# SA smart tv in NZ



## donovankilroe

Hey all, was wondering if it was a viable thought to purchase an Lg smart tv here in SA before going to Nz. It looks like it will be compatible as both countries use Pal and the price is really good. What are your thoughts guys?


----------



## escapedtonz

donovankilroe said:


> Hey all, was wondering if it was a viable thought to purchase an Lg smart tv here in SA before going to Nz. It looks like it will be compatible as both countries use Pal and the price is really good. What are your thoughts guys?


Na forget it. I'm sure the Freeview won't work in nz. Our uk LED tv's work fine but the Freeview doesn't. In my opinion tvs are really well priced here. There are many deals. I'm biding my time at the moment as the prices are plummeting.
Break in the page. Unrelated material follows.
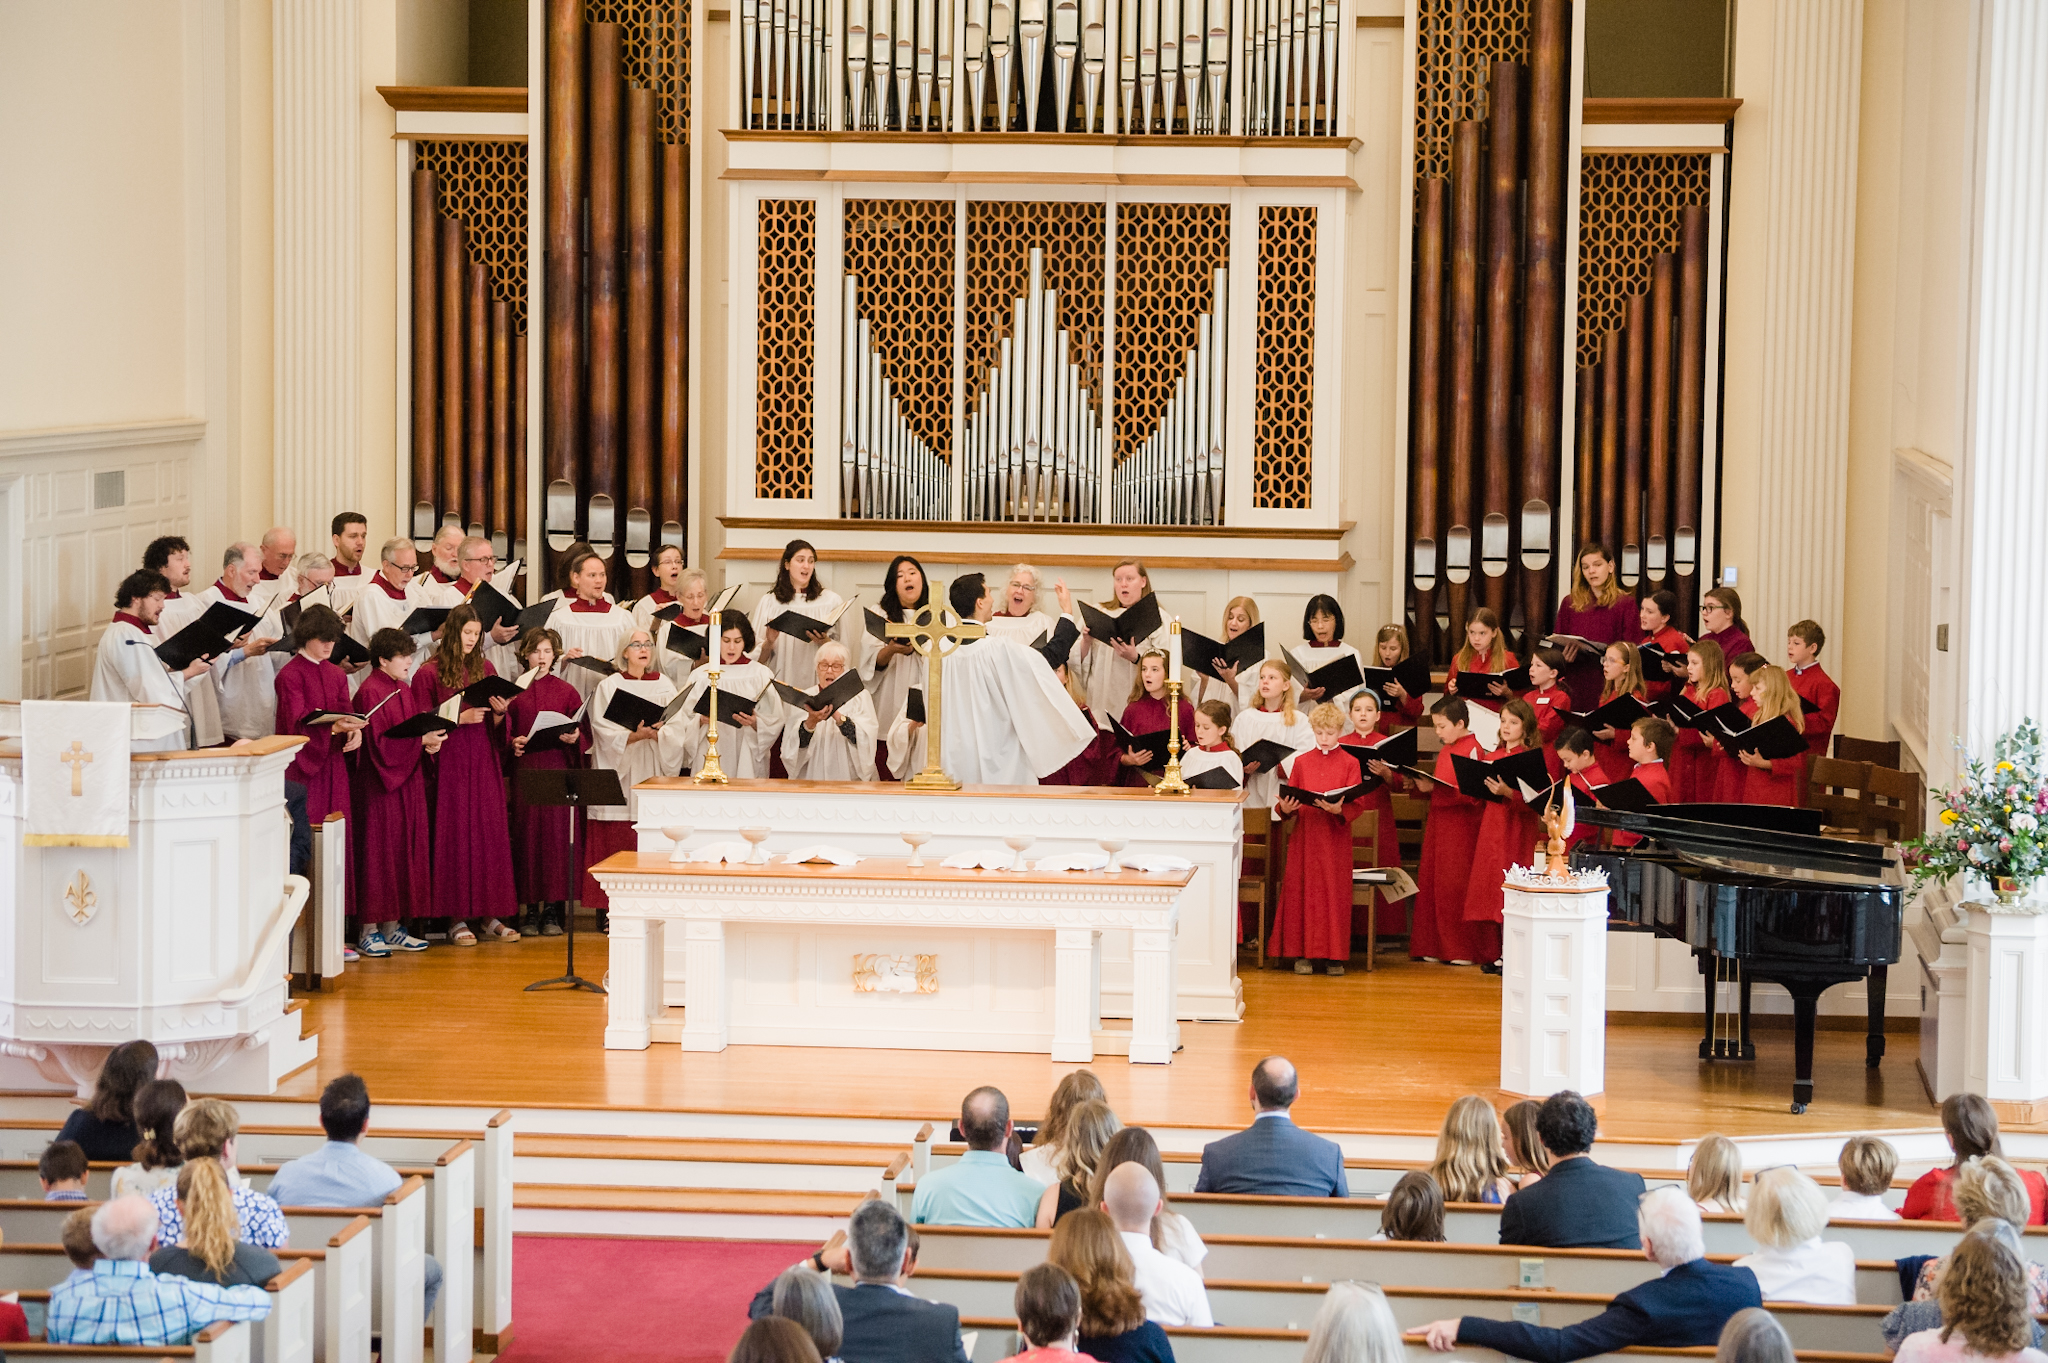 Chancel Choir singing in the sanctuary

Looking to get at least a 65" LED ULTRA HD Smart 3D tv for under 4 grand NZ. Wouldnt get anything less to future proof oneself for a few years.


----------



## donovankilroe

The 50 inch Lg smart full Hd 3d is going for equivalent to 1000nzd here but the freebies is a bit concerning, no use getting if it's not 100% compatible. Thx for the input


----------



## escapedtonz

donovankilroe said:


> The 50 inch Lg smart full Hd 3d is going for equivalent to 1000nzd here but the freebies is a bit concerning, no use getting if it's not 100% compatible. Thx for the input


That's pretty cheap. You won't find a 50 inch smart full HD 3D tv here for less than $2k at the moment. The prices are coming down all the time and I very much doubt the Freeview would work like I said. Shouldn't be any issues with the smart bits. It should connect to WiFi here and be able to get on the Internet. 
Have a look on www.harveynorman.co.nz for average high street prices here.
Also, there is no 3D service on sky here. In all honesty the sky service is crap compared to the same in the us and uk. There is no 3D subscription channels. You'd most likely have to have something like Netflix etc if you wanted to watch something in 3D ?
Not really that we'll up on the subject having little time to watch TV.


----------



## donovankilroe

Oh, great! Thanks for the feedback, bit of catch 22 situation. Gonna have to ponder on this one a bit, at that price it might be worth the chance.


----------